The major equipment of realizing the preparation of carbon nanotube is: coal supply powder system 1, power supply and airing system 2, plasma generator 3, plasma jet and coal dust mixing section 4, reactor 5, quencher 6, solid-liquid separator 7, gas-liquid separator 8, water seal spark arrester 9, exhaust gas processing device 10.Description of equipment is as follows: plasma generator 3 is a V-type, and the coal powder entrance of coal supply powder system 1 is plasma generator 3 times.The plasma jet high speed that plasma generator 3 produces enters plasma jet and coal dust mixing section 4, quickens coal dust with hydrogen, and it is ejected in the plasma jet, and both are thorough mixing in plasma jet and coal dust mixing section 4.Reactor 5 is plasma jet and coal dust mixing section 4 times, and reactor is a tubular reactor, and internal diameter is 90mm, and length is 1000mm.Reactor is for 5 times a quencher 6, the high temperature material that produces through the high pressure water quenching enter into solid-liquid separator 7 successively, gas-liquid separator 8 separates, solid product is purified and can be got the part carbon nanotube, gas enters in the exhaust treatment system 10 through water seal spark arrester 9, and necessity is to light discharging through torch.
Operation steps is as follows: at first lead to working gas hydrogen, nitrogen or argon gas in plasma generator, start the power supply of plasma generator, hydrogen gas ionizes becomes hydrogen plasma, forms the plasma jet of 1800K~15000K.Then coal dust is quickened to be transported in the pyritous plasma jet with hydrogen, the output rating of re-adjustment plasma generator is between 200KW~2MW, keeping the working pressure of plasma reactor is 0.02~0.09Mpa, and the residence time of reaction is 10~40ms.On the mixing section copper inwall of plasma jet and coal dust, form carbon nanotube, on reactor siliconize graphite inwall, also form carbon nanotube.Part carbon nanotube and reaction residue mix, and carry out aftertreatment and just can isolate carbon nanotube.
Embodiment 1
With the Xinjiang long-flame coal is raw material, and the median size of coal dust is about 120 microns.Adopt the hydrogen plasma jet, the power of plasma generator is 1.8MW, and the confession powder speed of coal dust is 6Kg/cm
2H, hydrogen flowing quantity are 340m
3/ h reacted after 20 minutes, had found to have a large amount of carbon nanotubes to be deposited on (see figure 3) on the mixing section copper inwall of plasma jet and coal dust by the captured photo of scanning electronic microscope.
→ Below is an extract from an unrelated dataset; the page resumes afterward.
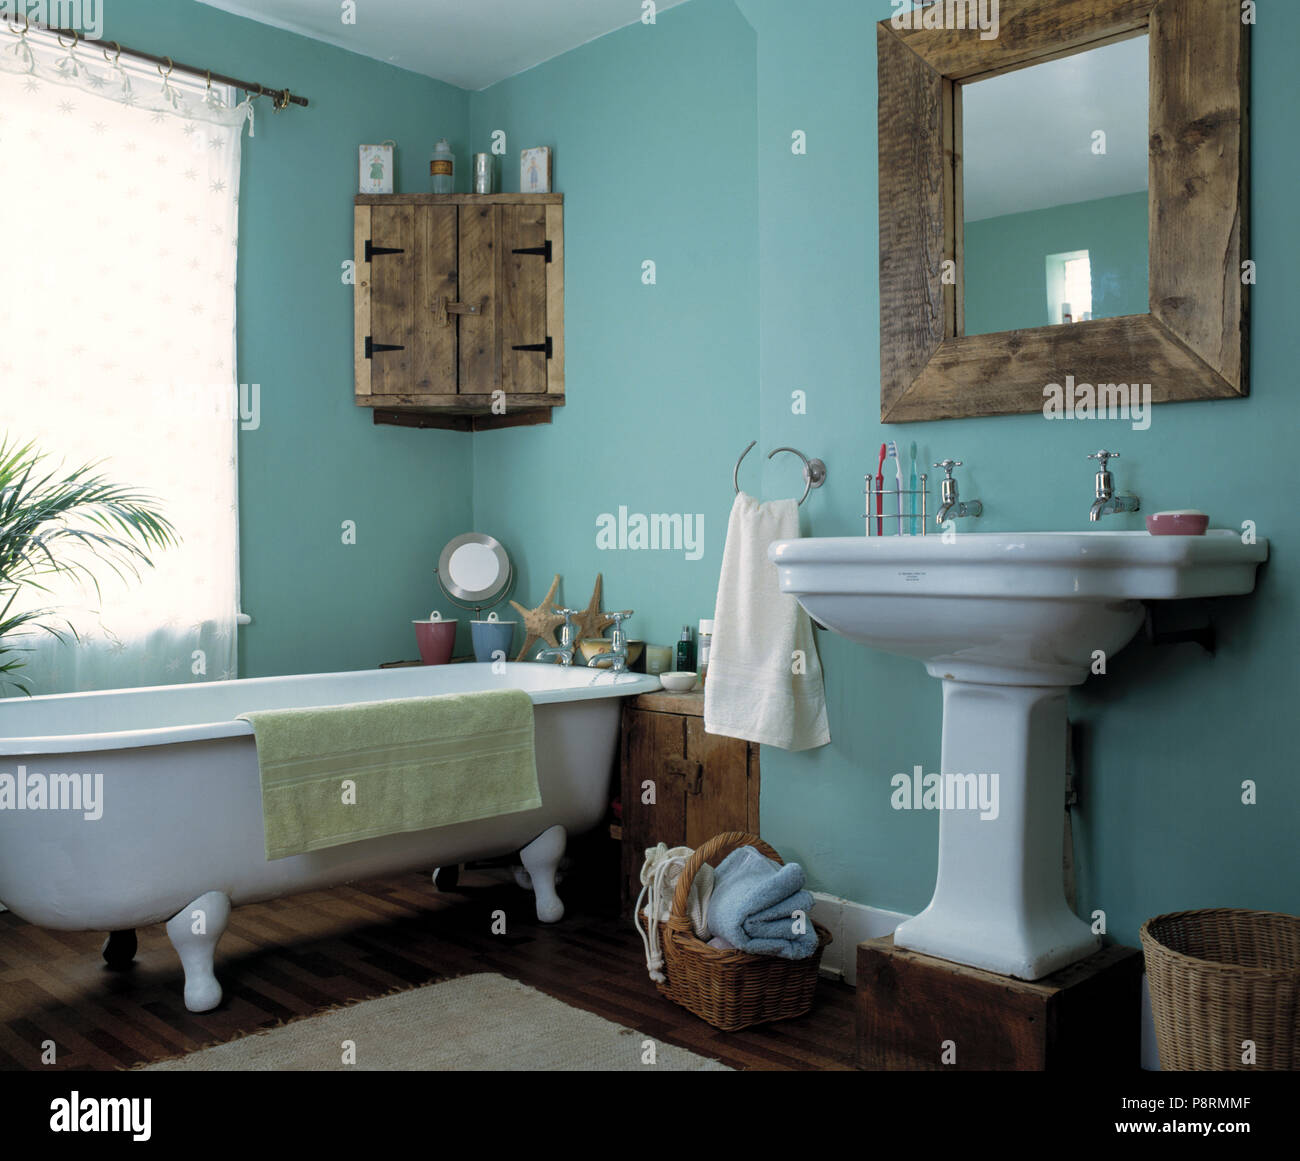 Rustic wooden mirror and corner cupboard in pale turquoise economy style bathroom with roll top bath and pedestal basin Stock Photo

With Huainan bituminous coal is raw material, and the median size of coal dust is about 120 microns.Adopt the hydrogen plasma jet, the power of plasma generator is 1.6MW, and the confession powder speed of coal dust is 5Kg/cm
2H, hydrogen flowing quantity are 300m
3/ h reacted after 40 minutes, had found to have the carbon nanotube that comes in every shape to be deposited on (see figure 4) on the reactor siliconize graphite inwall by the captured photo of transmission electron microscope.
With the Xinjiang long-flame coal is raw material, and the median size of coal dust is about 120 microns.Adopt the hydrogen plasma jet, the power of plasma generator is 2.0MW, and coal feeding pipe is divided into multilayer pulverized coal conveying respectively, is example with two-layer coal supply.For powder speed is 20Kg/cm
2H, hydrogen flowing quantity are 560m
3/ h reacted after 55 minutes, had found to have a large amount of carbon nanotubes to be deposited on (see figure 5) on the mixing section copper inwall of plasma jet and coal dust and the reactor siliconize graphite inwall by the captured photo of scanning electronic microscope.
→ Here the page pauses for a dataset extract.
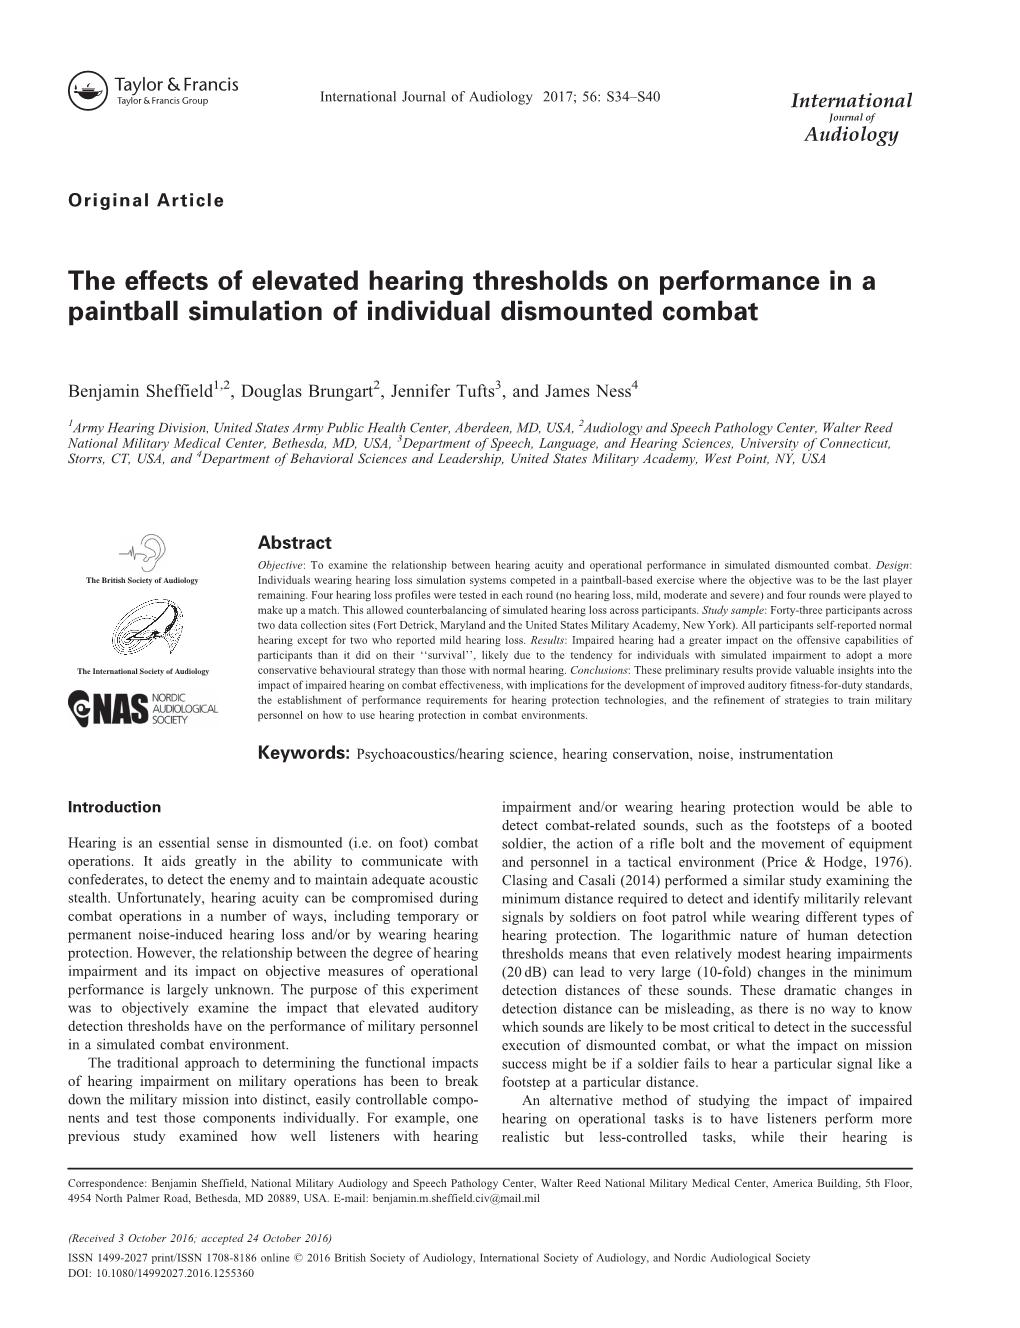 The Effects of Elevated Hearing Thresholds on Performance in a Paintball Simulation of Individual Dismounted Combat

With the Xinjiang long-flame coal is raw material, and the median size of coal dust is about 120 microns.Adopt the nitrogen plasma jet, the power of plasma generator is 1.6MW, is 5.5Kg/cm for powder speed
2H, nitrogen flow are 280m
3/ h reacted after 70 minutes, had found that by the captured photo of transmission electron microscope carbon nanotube is deposited on (see figure 6) on the mixing section copper inwall of plasma jet and coal dust.
Embodiment 5
With Huainan bituminous coal is raw material, and the median size of coal dust is about 120 microns.Adopt the hydrogen plasma jet, the power of plasma generator is 0.90MW, and coal feeding pipe is divided into two-layer up and down pulverized coal conveying respectively, is 5Kg/cm for powder speed
2H, hydrogen flowing quantity are 160m
3/ h reacted after 30 minutes, had found to have the carbon nanotube that comes in every shape to be deposited on (see figure 7) on the reactor siliconize graphite inwall by the captured photo of scanning electronic microscope.
Claims (6)
1, utilize high power plasma generator to prepare the method for carbon nanotube, it is characterized in that may further comprise the steps: logical working gas hydrogen in plasma generator, nitrogen or argon gas, start the power supply of plasma generator, hydrogen gas ionizes becomes hydrogen plasma, form the plasma jet of 1800K-15000K, with hydrogen coal dust is quickened to be transported in the pyritous plasma jet to react, the particle diameter of used coal dust is no more than 120 microns, reaction time is 10-40ms, the mixing zone of plasma jet and coal dust and below inwall on form carbon nanotube; The output rating of plasma generator can be regulated, and regulation range is between 200KW-2MW.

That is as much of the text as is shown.